The observed pandas module it exported (by doing import pandas; self.pandas = pandas)
Various type constructors (e.g. self.data_frame = pandas.DataFrame)

The first is relatively unproblematic. What we would like is for that module to be our intercepted wrapped module, which we can arrange with a little bit of rejigging of imports in cudf. It is the memoisation of the type constructors that is the problematic thing.

cudf.pandas wrapping scheme

Recall that the way our wrapping scheme works is that we deliver wrapped modules and decide at __getattr__ time whether any attribute lookups deliver real or wrapped attributes. So:

%load_ext cudf.pandas

import pandas as pd # pd is _always_ a wrapped module

DataFrame = pd.DataFrame # this is context-dependant either a real or wrapped constructor

This works well, as long as someone doesn't memoise an attribute lookup. If they do, we only get to make the decision about what type of attribute to deliver once:

In [1]: %load_ext cudf.pandas

In [3]: from cudf.pandas.module_finder import disable_transparent_mode_if_enabled

In [4]: with disable_transparent_mode_if_enabled():
   ...:     from pandas import DataFrame
   ...: 

In [5]: DataFrame
Out[5]: pandas.core.frame.DataFrame

In [6]: from pandas import DataFrame

In [7]: DataFrame
Out[7]: cudf.pandas._wrappers.pandas.DataFrame

Unfortunately, pyarrow's pandas shim does exactly this. And we can't make the right decision, because sometimes (when used inside cudf) we need to deliver real objects, other times (when the user is using pyarrow) we need to deliver wrapped ones.
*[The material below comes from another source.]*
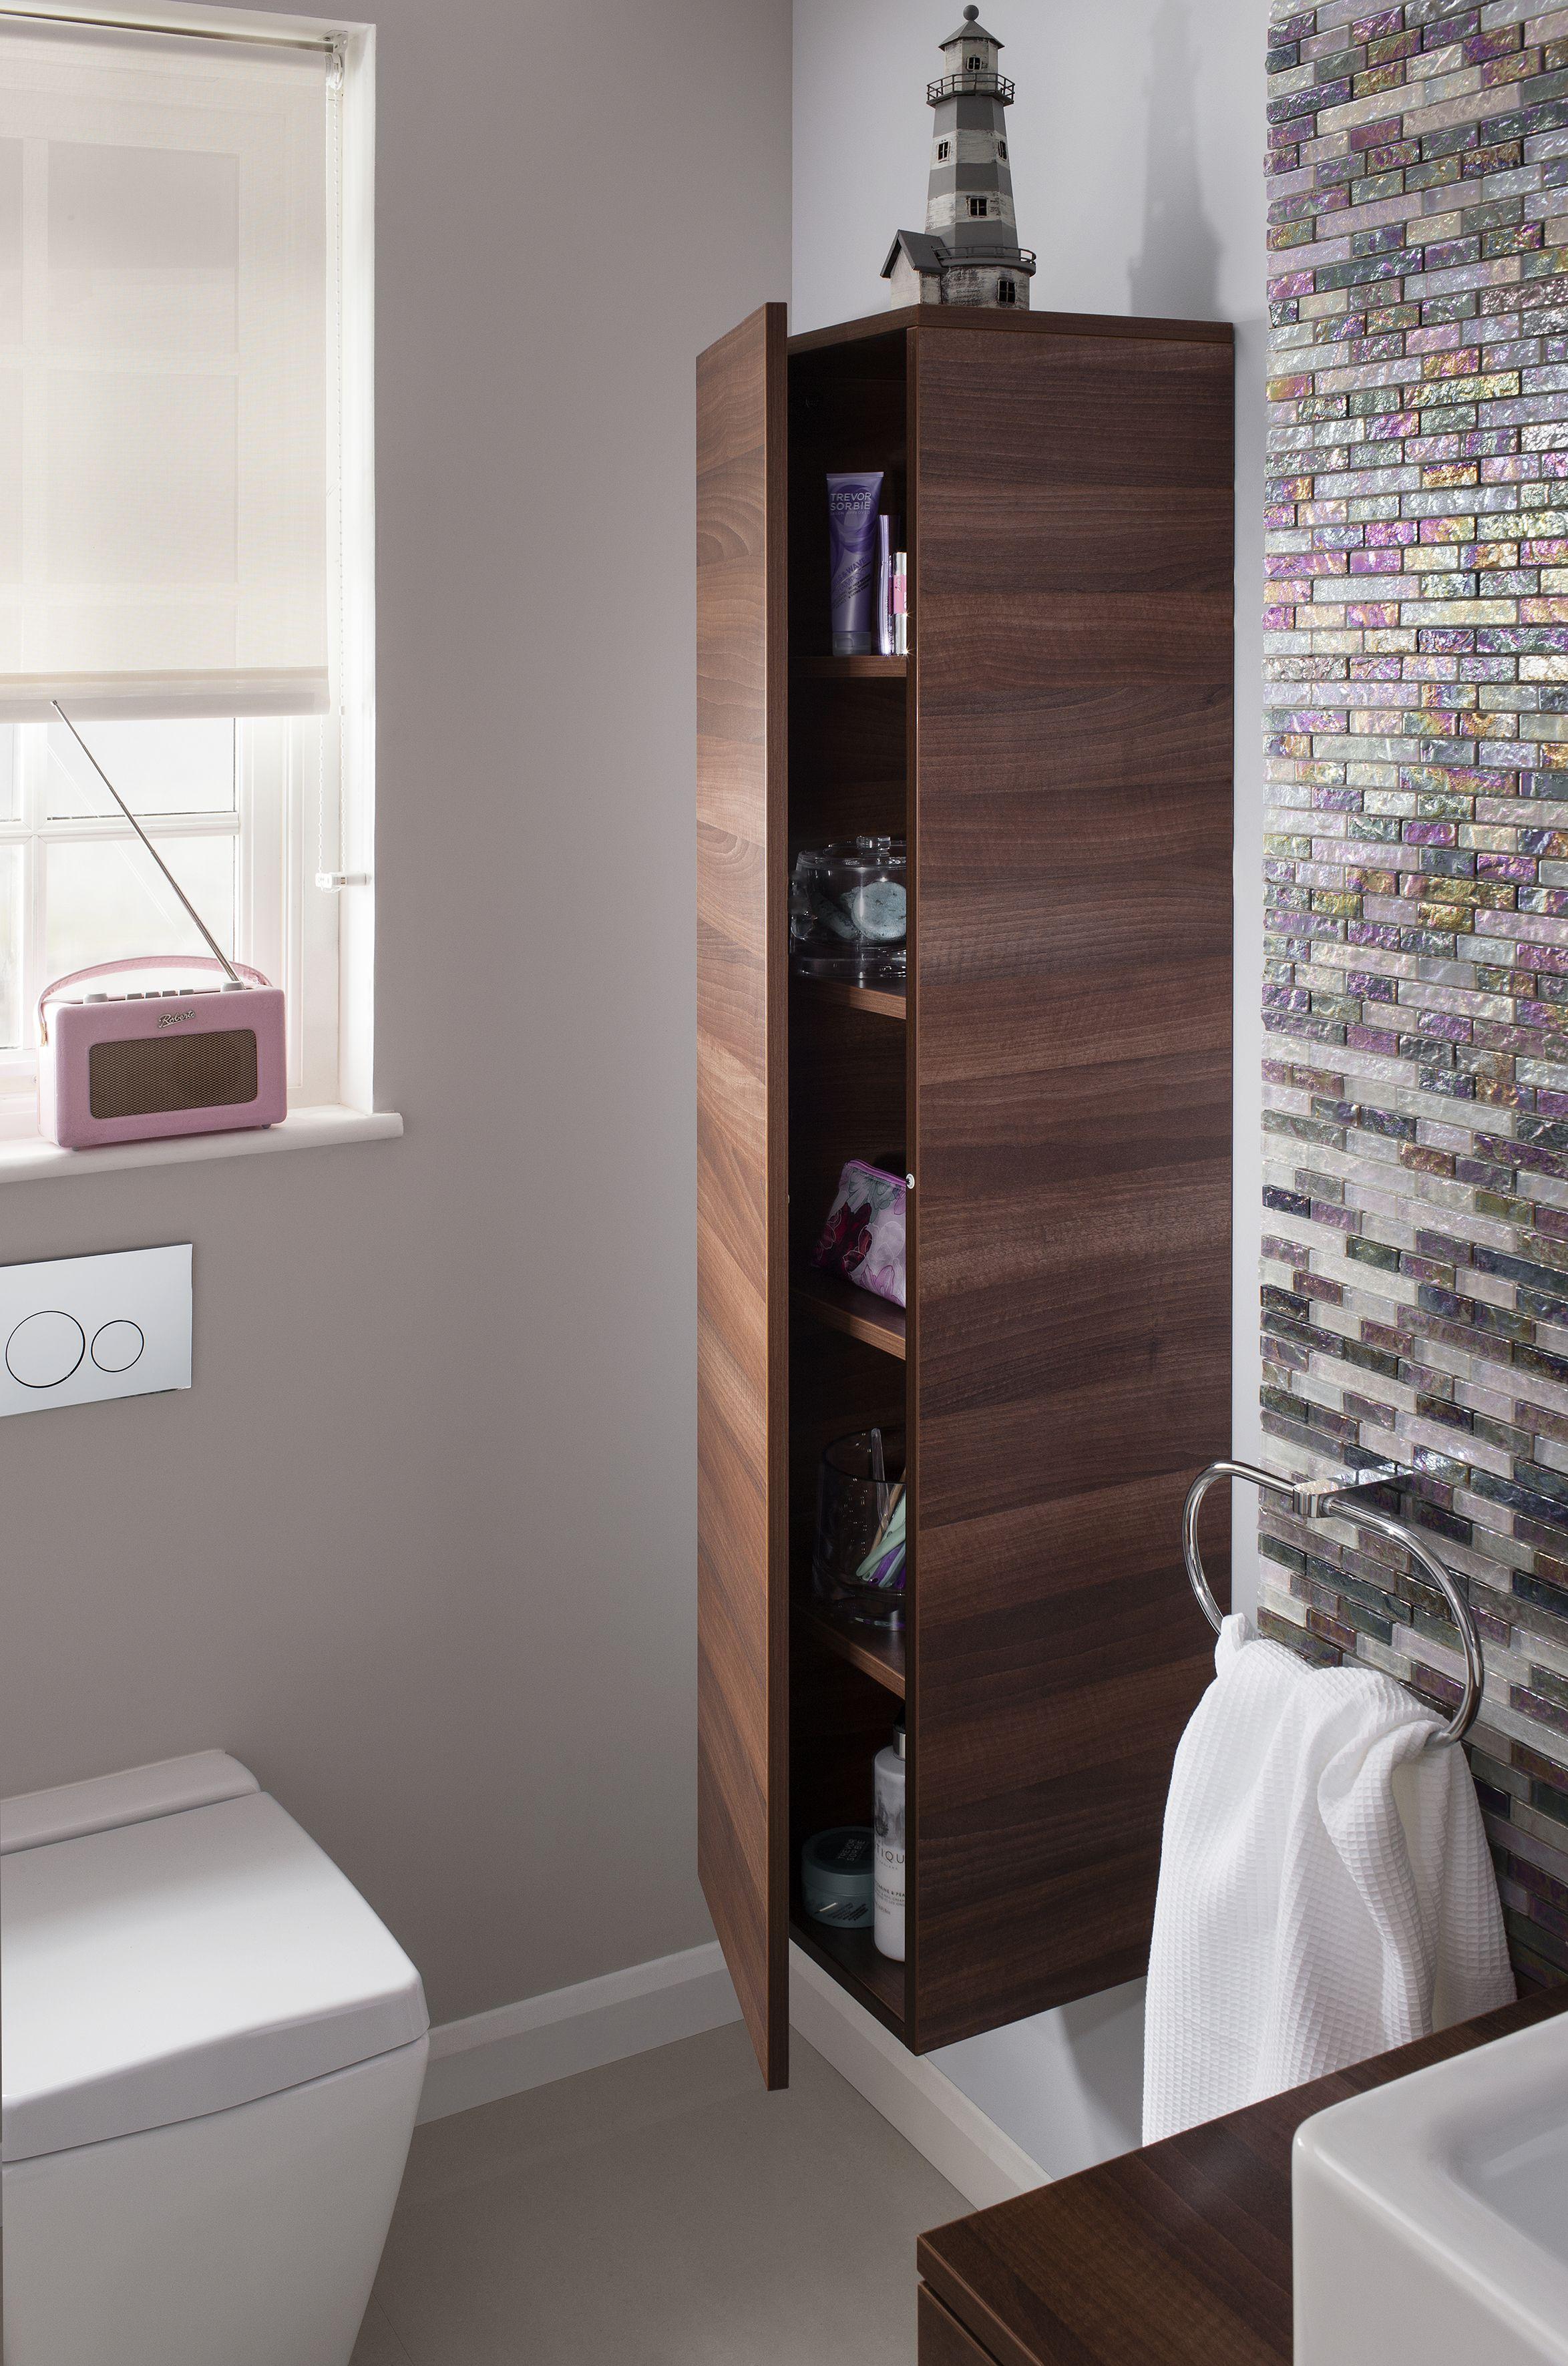 Seattle Walnut Bathroom Furniture Range From Crosswater Httpwww - Bathroom furniture seattle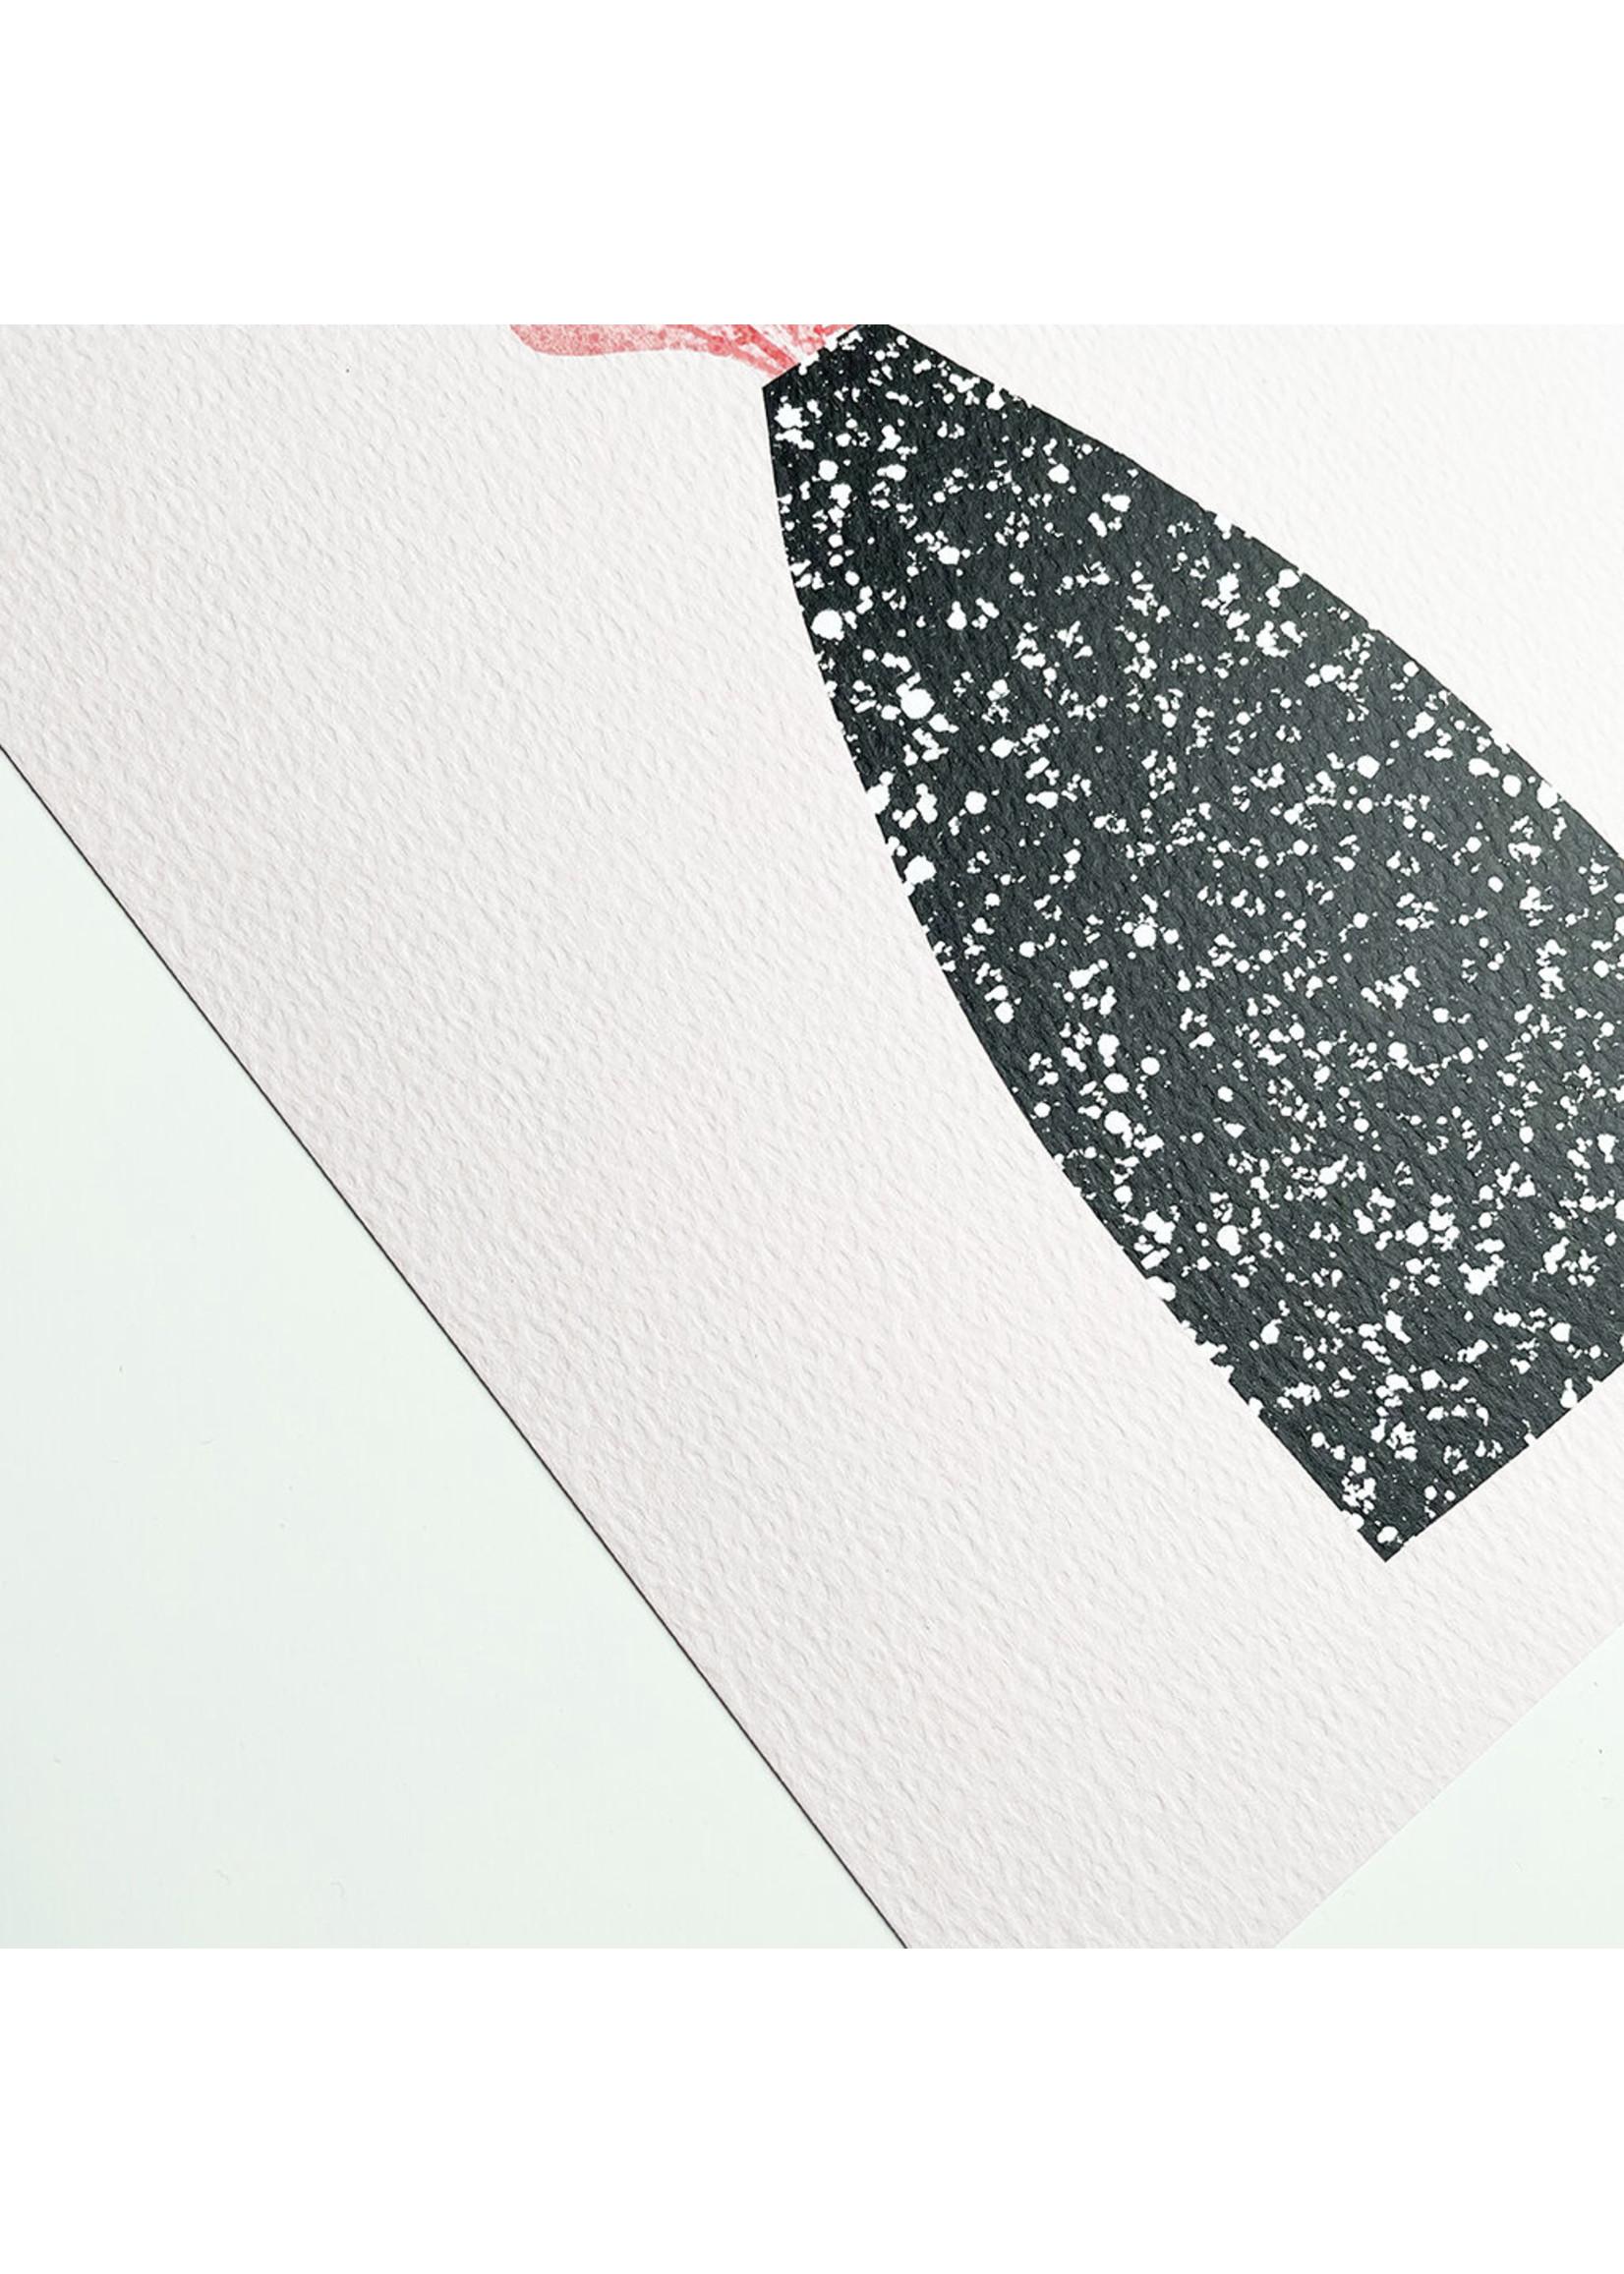 Melissa Doone Melissa Doone Leaves in Speckled Vase A3 Print

I said it would be a miracle if @shwina's approach worked, and it kind of does, but unfortunately it's not quite miraculous enough. Here's what's going on:

pa.table uses pa.lib._pandas_api.is_data_frame to determine if the passed object is a pandas dataframe. The leading underscore here is crucial! This is a python object that we can replace. Similarly, pa.Table.from_pandas calls out to some Python code that uses pa.lib._pandas_api (which we can control).

However, the to_pandas method on the resulting object calls pyarrow.lib.pandas_api.data_frame note no leading underscore. This is a Cython level module attribute that we can't replace from Python.

So, we have this:

%load_ext cudf.pandas

import pyarrow as pa
pa.lib._pandas_api = pa.lib._PandasAPIShim()
pa.lib.pandas_api = pa.lib._pandas_api # this doesn't do anything at the Cython level

import pandas as pd
df = pd.DataFrame({"a": [1, 2, 3]})
tab = pa.table(df) # works
df2 = tab.to_pandas()

print(type(df))
# <class 'cudf.pandas._wrappers.pandas.DataFrame'>
print(type(df2))
# <class 'pandas.core.frame.DataFrame'>

What if we initialise the Cython level object with wrapped attributes?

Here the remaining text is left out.